Associate Justice of the North Carolina Supreme Court
- Incumbent
- Assumed office January 3, 2019
- Preceded by: Barbara Jackson

Personal details
- Born: Anita Sue Brooks February 20, 1960 (age 66) Seattle, Washington, U.S.
- Party: Democratic
- Spouse(s): Jonathan Hodgkiss ​ ​(m. 1982⁠–⁠2003)​ Charles D. Walton ​(m. 2009)​
- Education: Williams College (BA) Yale University (JD)

= Anita Earls =

American judge (born 1960)

Anita Sue Earls (born Anita Sue Brooks on February 20, 1960) is an American civil rights attorney who has served as an associate justice of the North Carolina Supreme Court since 2019. She previously served as the executive director of the Southern Coalition for Social Justice, as well as a deputy assistant attorney general in the Civil Rights Division of the United States Department of Justice during the Clinton administration. On November 6, 2018, Earls defeated Republican incumbent Justice Barbara Jackson in a three-candidate election to win a seat on the state's highest court.

== Early life and education ==
Earls grew up in Seattle, Washington. Her parents relocated there because Missouri banned interracial marriage (Earls's mother is white, her father is black). Earls and her brother were both adopted.

Earls is a graduate of Williams College and Yale Law School. Attending Williams College, where she majored in political economy and philosophy. Upon graduation Earls received a Thomas J. Watson Fellowship to study the role of women in Ujamaa villages in Tanzania, but her time abroad was cut short by multiple bouts of malaria. She subsequently moved to England, worked in a solicitor's office, and married her first husband. Three years later she returned to the United States and attended Yale Law.

== Legal career ==
Following her graduation from Yale Law School, in 1988 Earls was hired by James Ferguson II to join Ferguson, Stein, Watt, Wallas, Adkins & Gresham where she practiced civil rights litigation.

In 1998 Earls was appointed by President Bill Clinton to serve as Deputy Assistant Attorney General in the Civil Rights Division of the U.S. Department of Justice.
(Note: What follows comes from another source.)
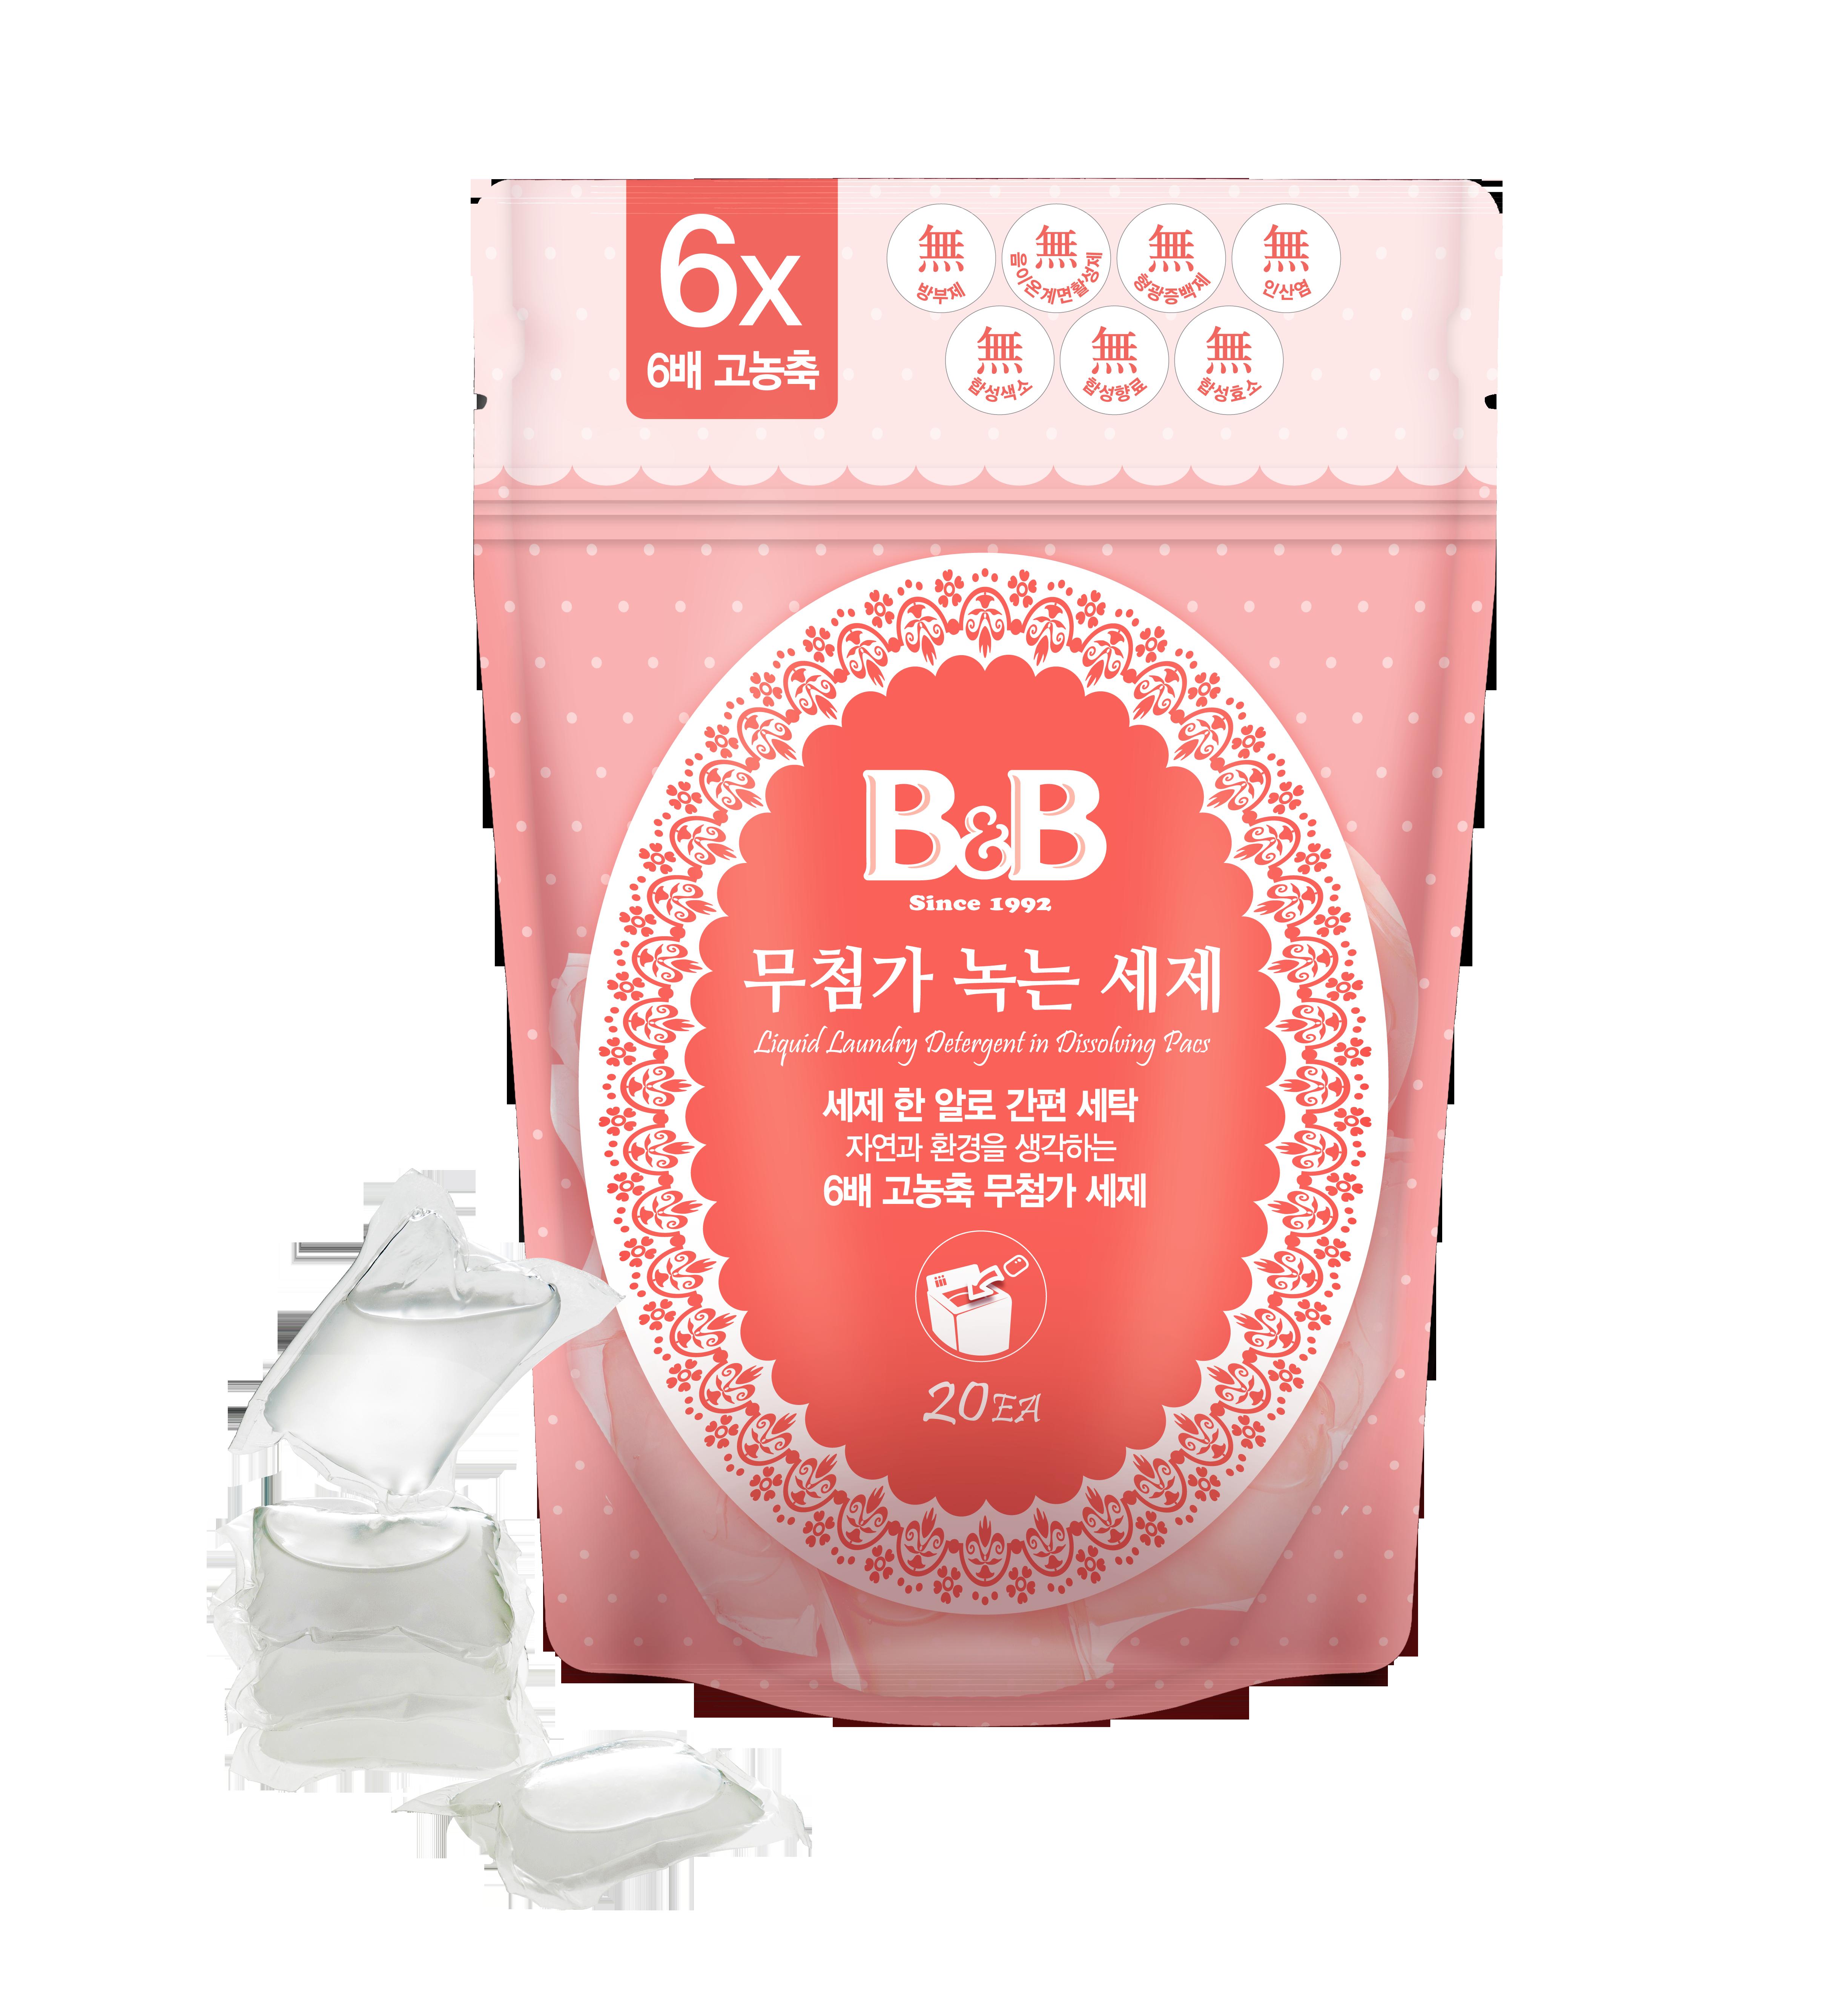 B&B Laundry Detergent Pack

After serving as director of the Lawyers' Committee for Civil Rights' voting rights project (2000-2003) and as director of advocacy at the University of North Carolina Center for Civil Rights (2003-2007), in 2007 she founded the Southern Coalition For Social Justice (SCSJ) in Durham, NC, a 501(c)(3) nonprofit organization. There she served as SCSJ's founding executive director, stepping down in 2017 to run for Associate Justice of the North Carolina Supreme Court.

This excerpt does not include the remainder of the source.